The odds ratio overestimates PR when the outcome is common. The table
below illustrates this for the smoking predictor in the
birthwt example:
OR <- exp(coef(fit_glm)["smokeSmoker"])
PR <- coef(res_cond)["smokeSmoker"]
data.frame(
Measure = c("Odds Ratio (logistic)", "Prevalence Ratio (conditional)",
"Prevalence Ratio (marginal)"),
Estimate = round(c(OR, PR, coef(res_marg)["smokeSmoker"]), 3)
)
#> Measure Estimate
#> 1 Odds Ratio (logistic) 2.794
#> 2 Prevalence Ratio (conditional) 2.285
#> 3 Prevalence Ratio (marginal) 1.808With a 31% baseline prevalence the OR (2.79) substantially overstates the PR (2.29).
For predictor \(X_j\) (binary), the adjusted PR is:
\[ \widehat{PR}_j = \frac{\operatorname{expit}(\hat\beta_0 + \hat\beta_j + \sum_{k \neq j} \hat\beta_k r_k)} {\operatorname{expit}(\hat\beta_0 + \sum_{k \neq j} \hat\beta_k r_k)} \]
where \(r_k\) is the reference value of covariate \(k\) (0 for binary/dummy predictors; sample median or mean for continuous predictors).

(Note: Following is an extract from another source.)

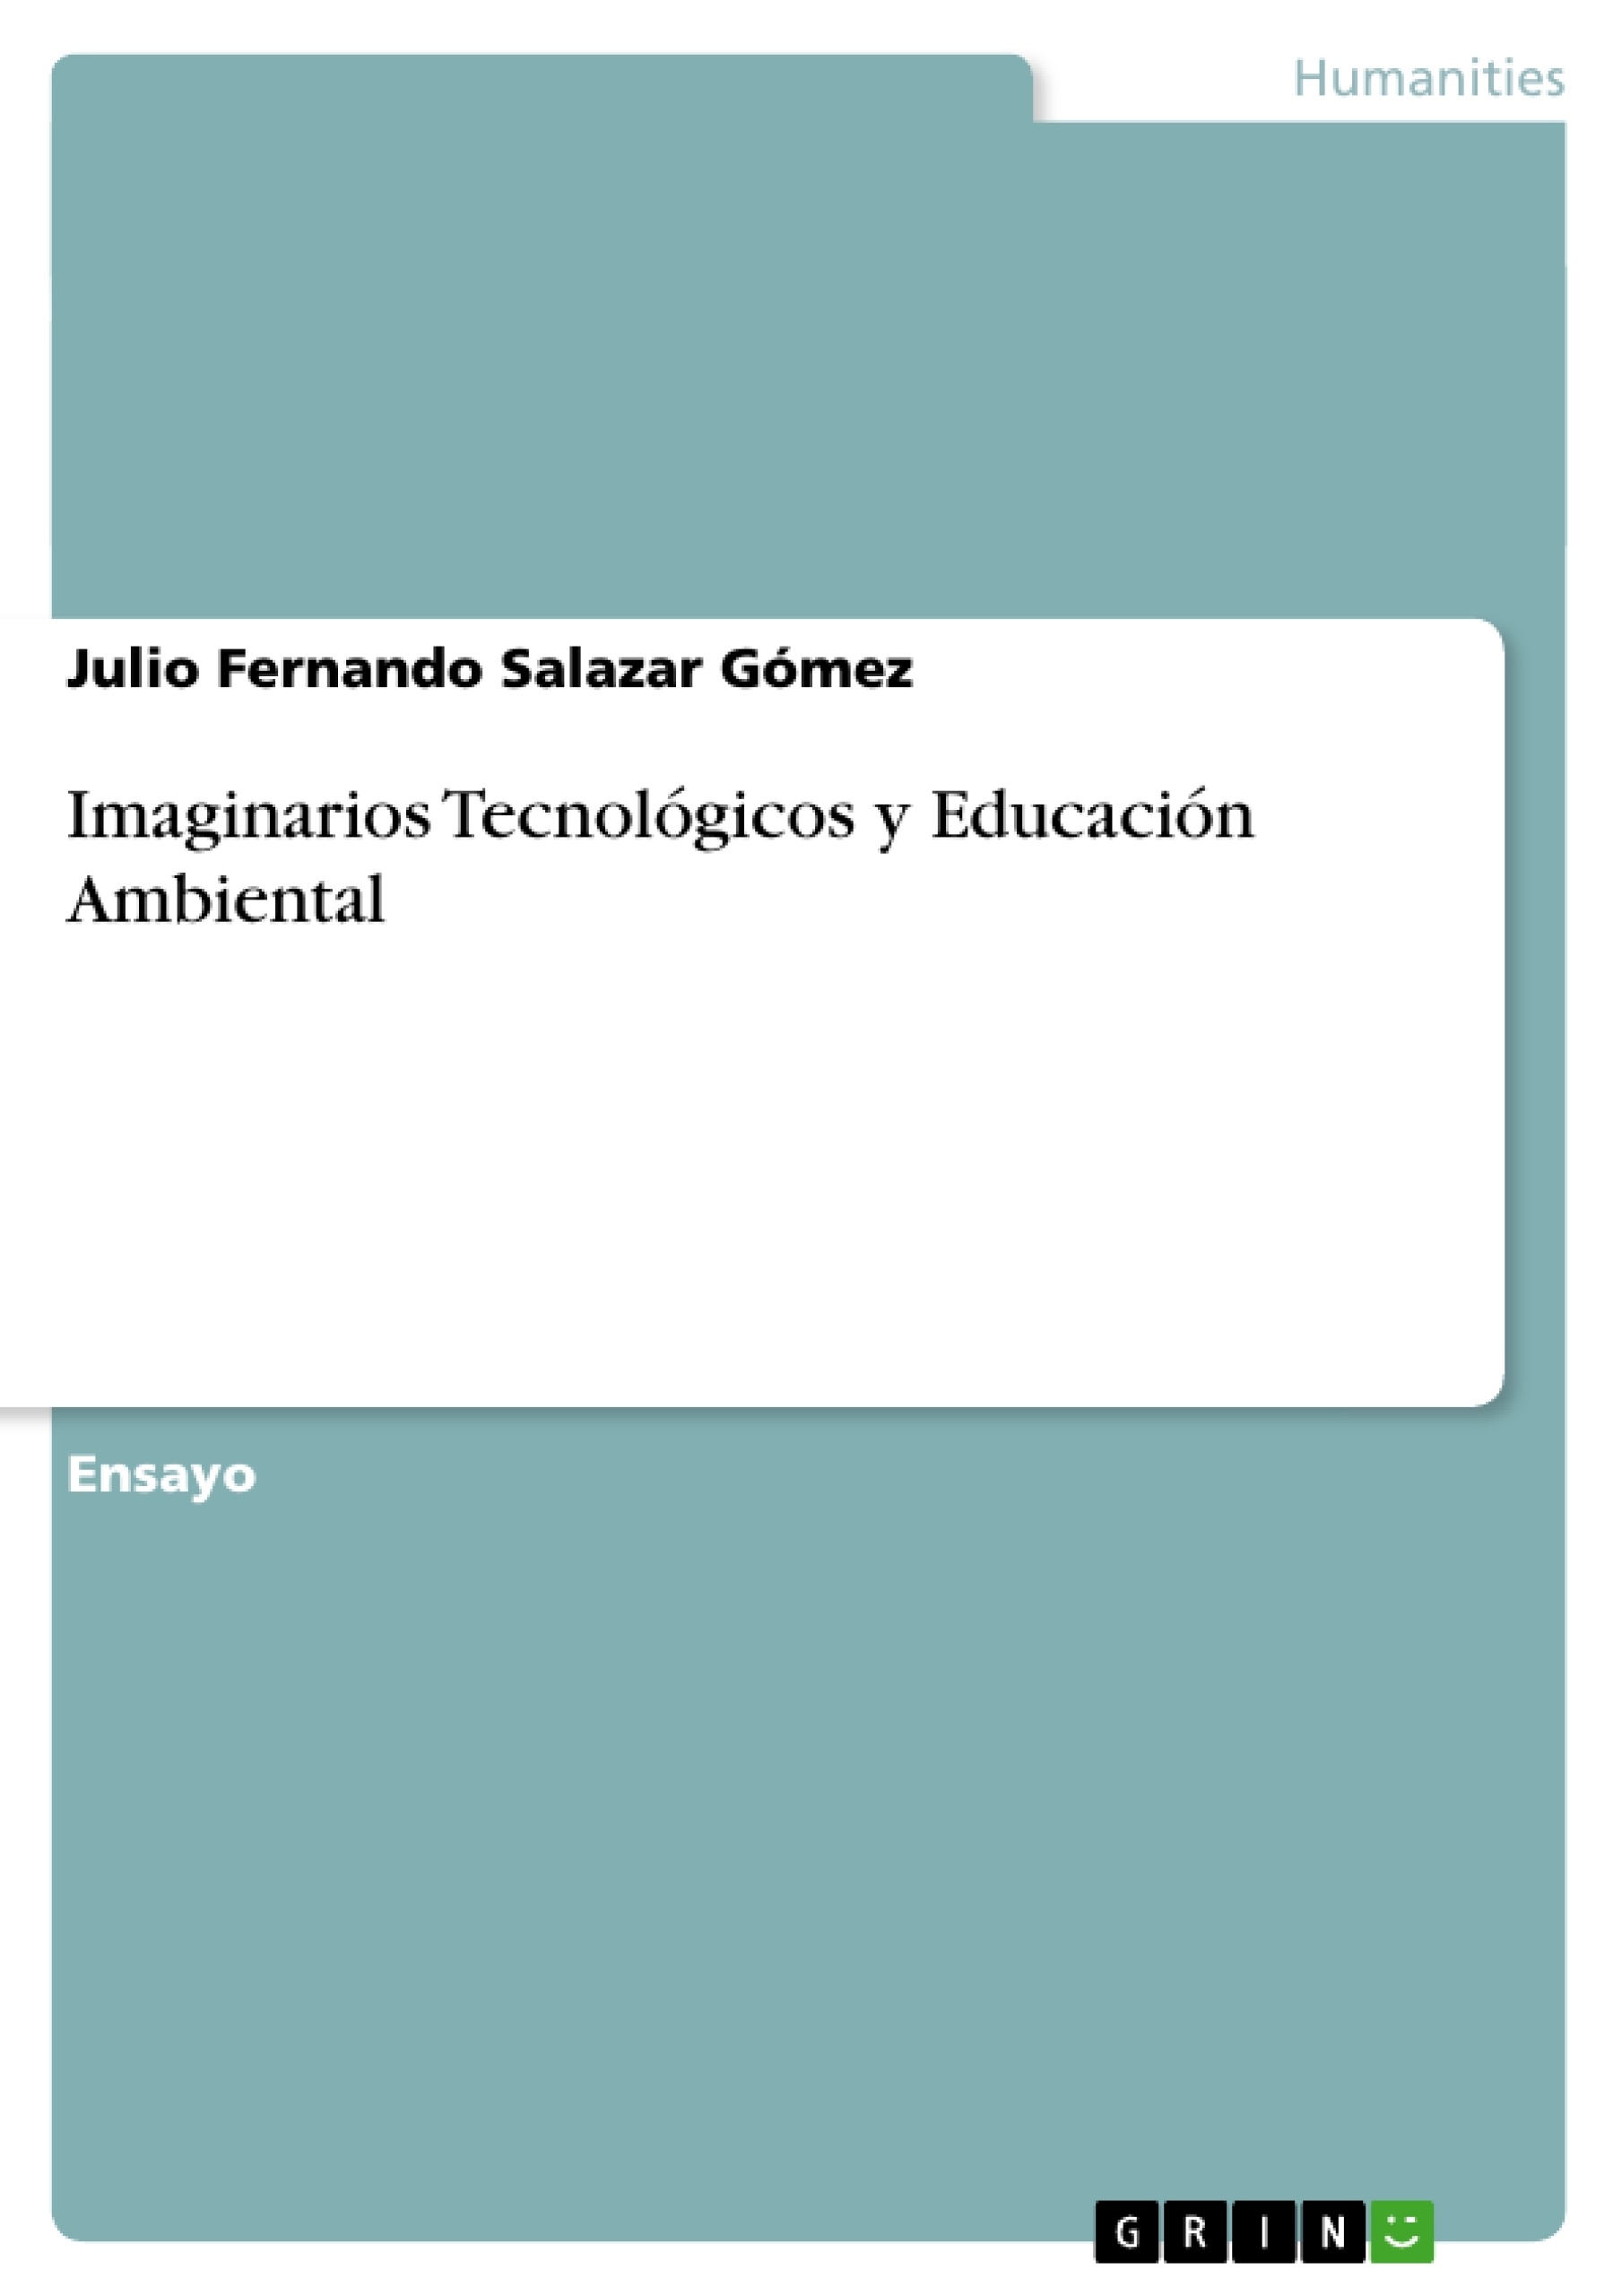 Titre: Imaginarios Tecnológicos y Educación Ambiental

\[ \widehat{PR}_j = \frac{n^{-1}\sum_i \operatorname{expit}(\hat\eta_i^{(1)})} {n^{-1}\sum_i \operatorname{expit}(\hat\eta_i^{(0)})} \]
where \(\hat\eta_i^{(1)}\) and \(\hat\eta_i^{(0)}\) are the linear predictors with \(X_{ij}\) set to 1 and 0, respectively.
Confidence intervals use the first-order Taylor (delta method) approximation (Oliveira et al. 1997):
\[ \widehat{\operatorname{Var}}[\log(\widehat{PR})] \approx \mathbf{x}^*{}' \hat\Sigma \, \mathbf{x}^* \]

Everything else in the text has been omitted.